Omit the images, then repeat the listing exactly.

Dataset extract »
==============================
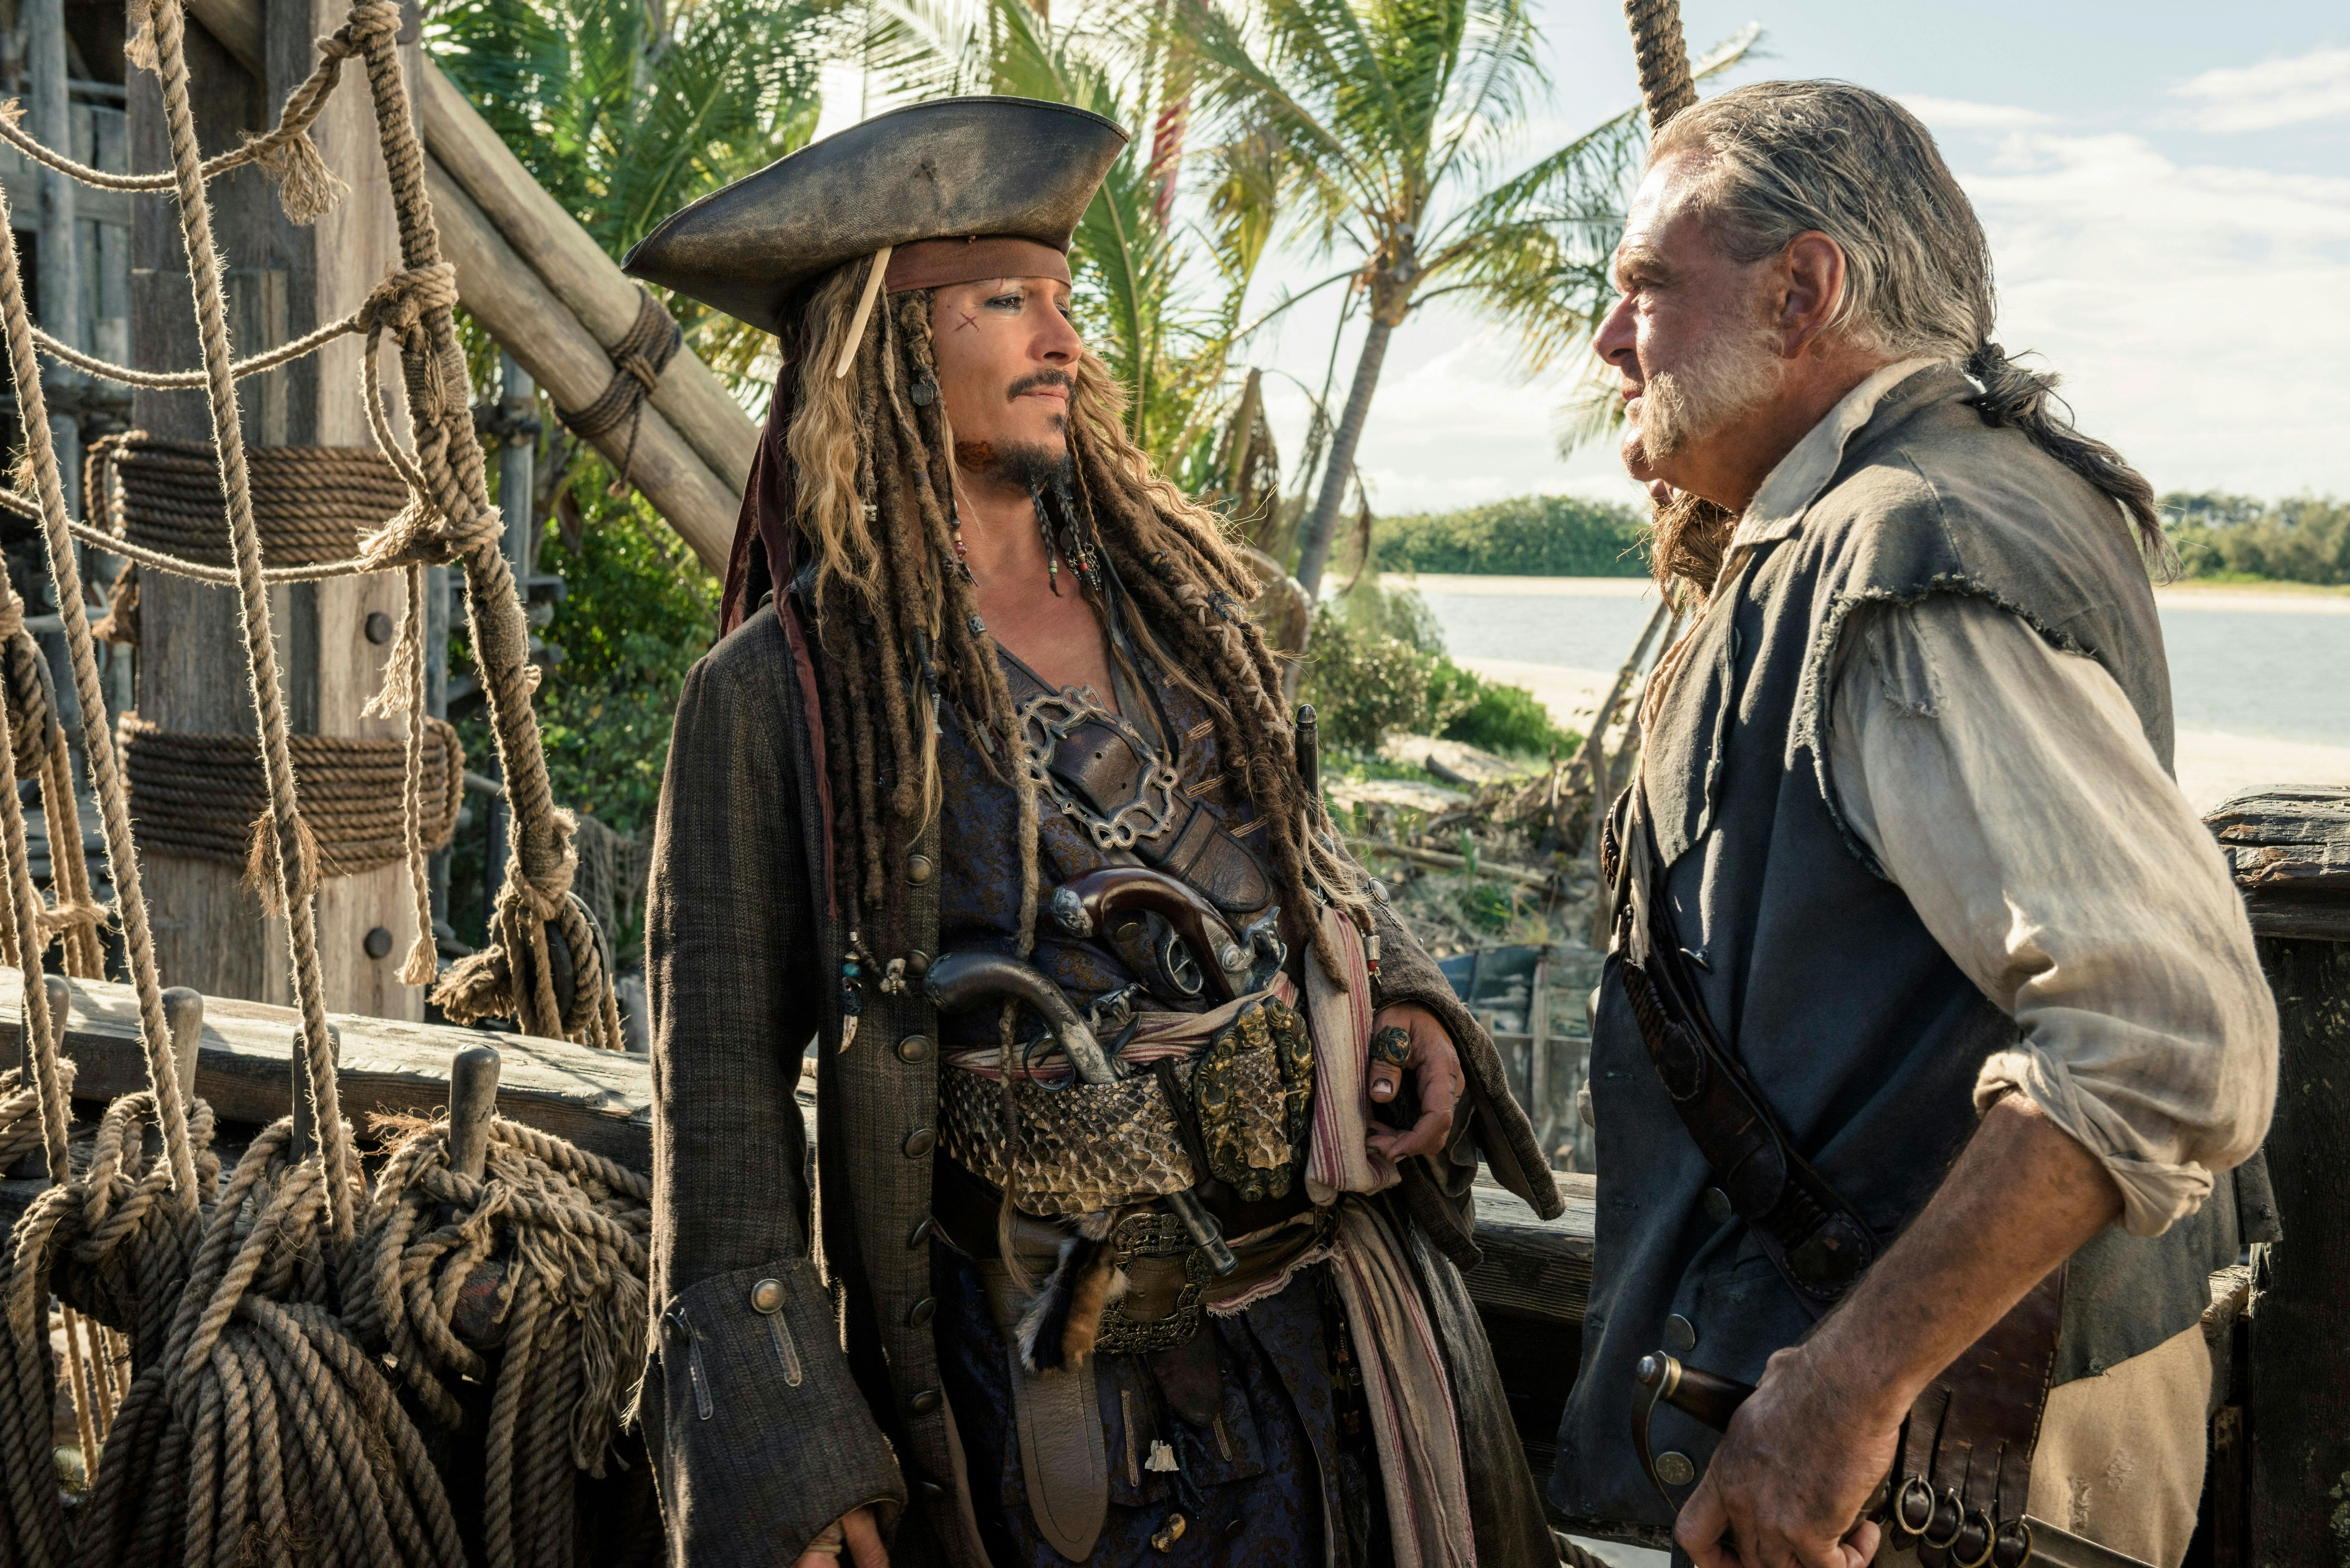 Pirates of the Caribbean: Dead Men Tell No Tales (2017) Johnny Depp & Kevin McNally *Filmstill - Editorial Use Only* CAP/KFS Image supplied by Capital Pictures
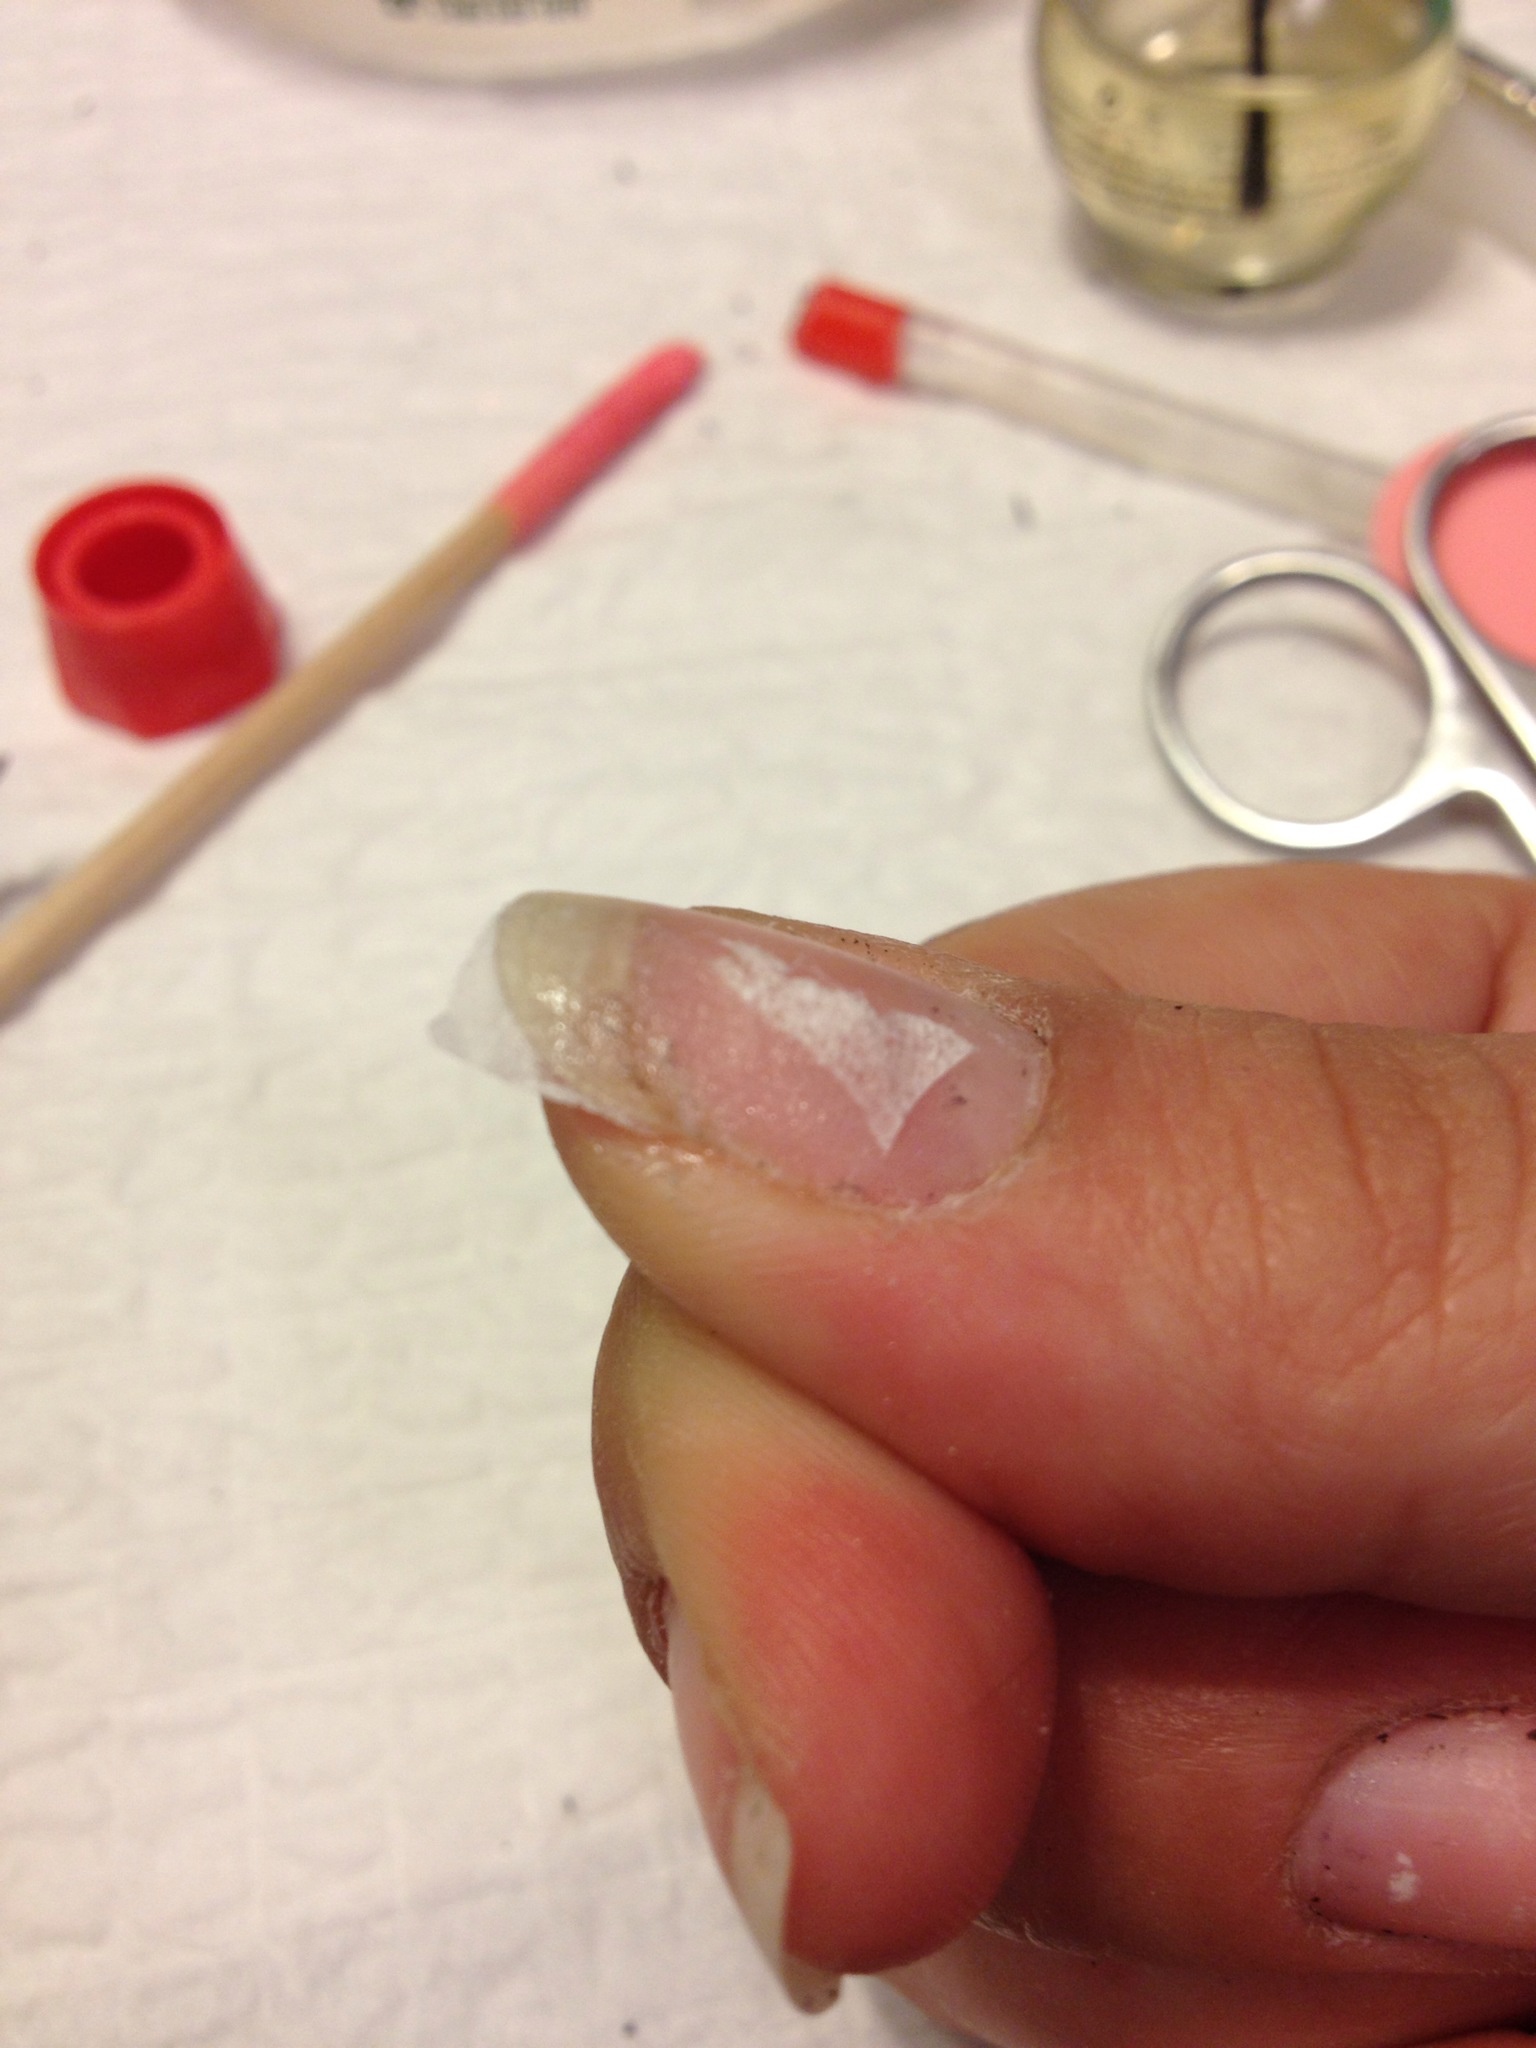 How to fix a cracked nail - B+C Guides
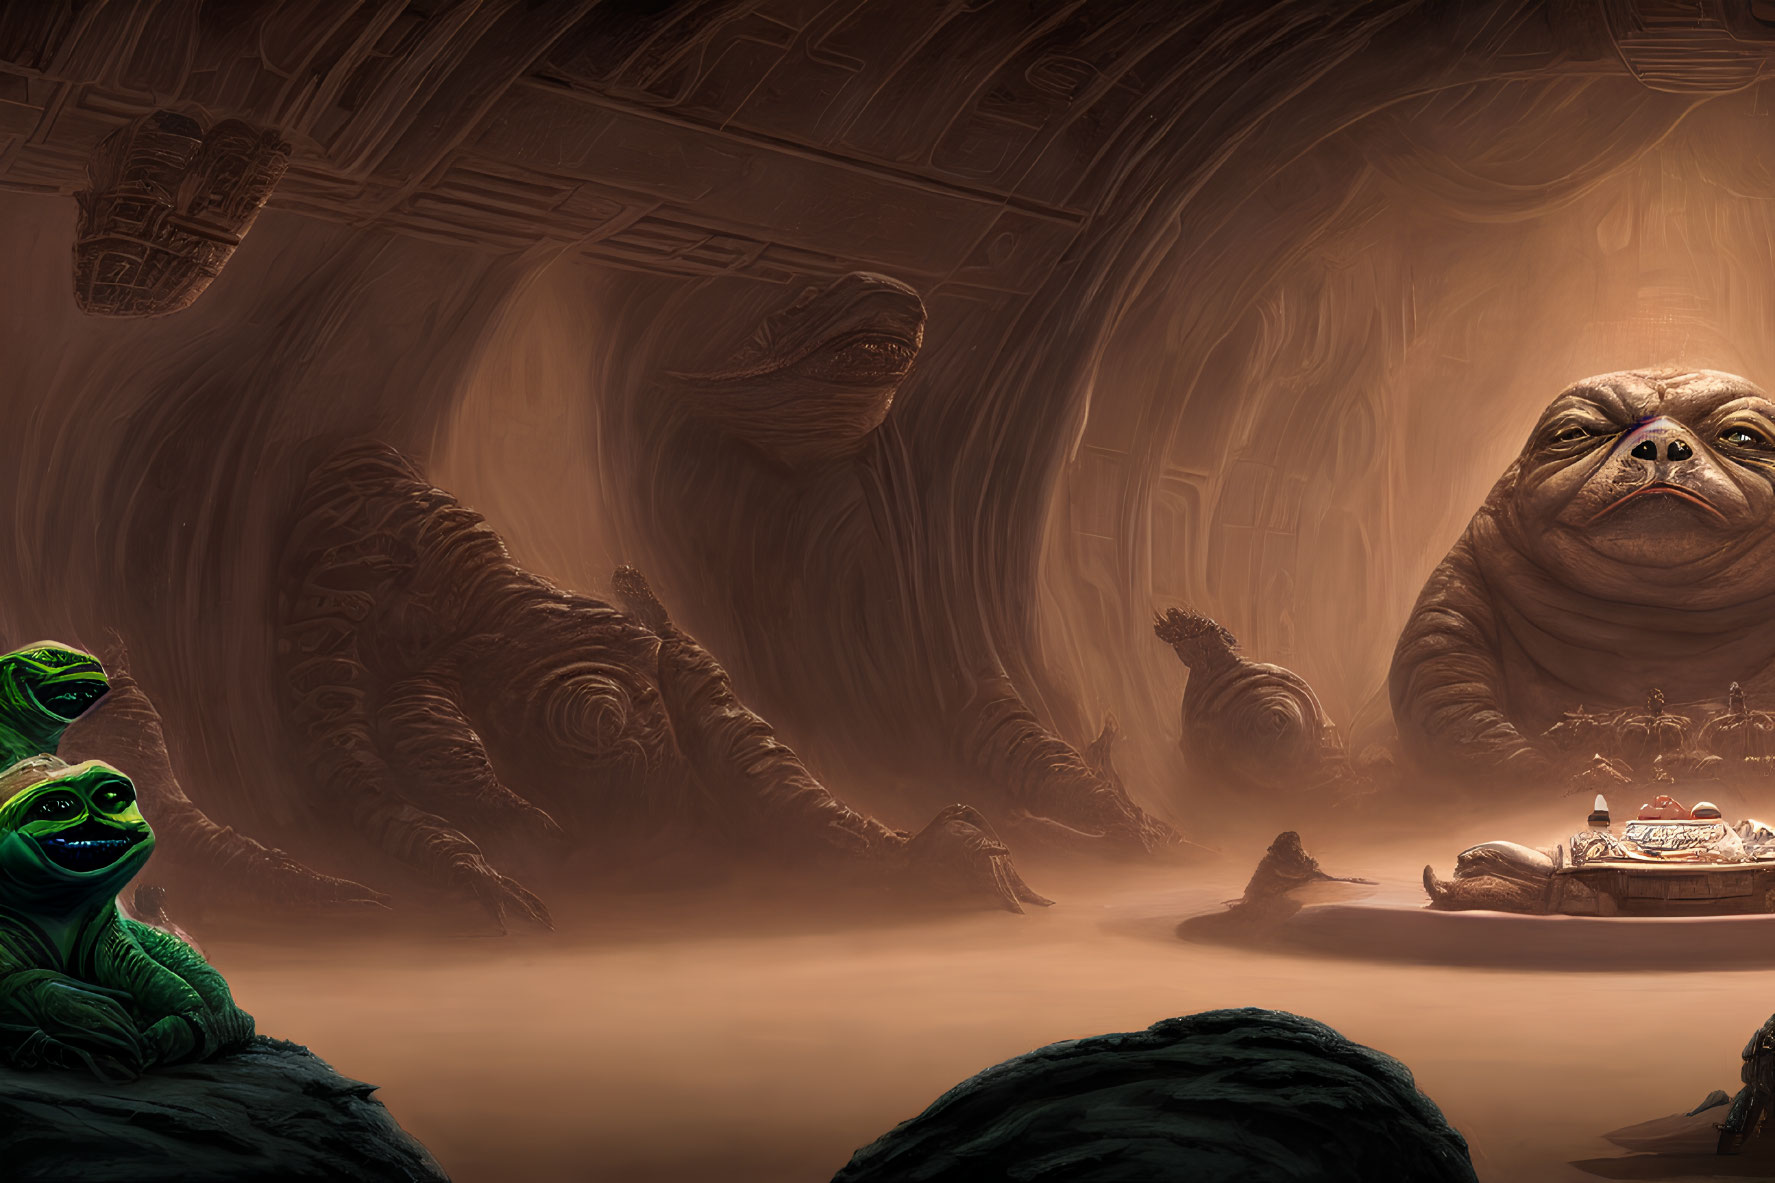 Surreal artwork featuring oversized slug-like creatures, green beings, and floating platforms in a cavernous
==============================
Exercise response »
 Pirates of the Caribbean: Dead Men Tell No Tales (2017) Johnny Depp & Kevin McNally *Filmstill - Editorial Use Only* CAP/KFS Image supplied by Capital Pictures
 How to fix a cracked nail - B+C Guides
 Surreal artwork featuring oversized slug-like creatures, green beings, and floating platforms in a cavernous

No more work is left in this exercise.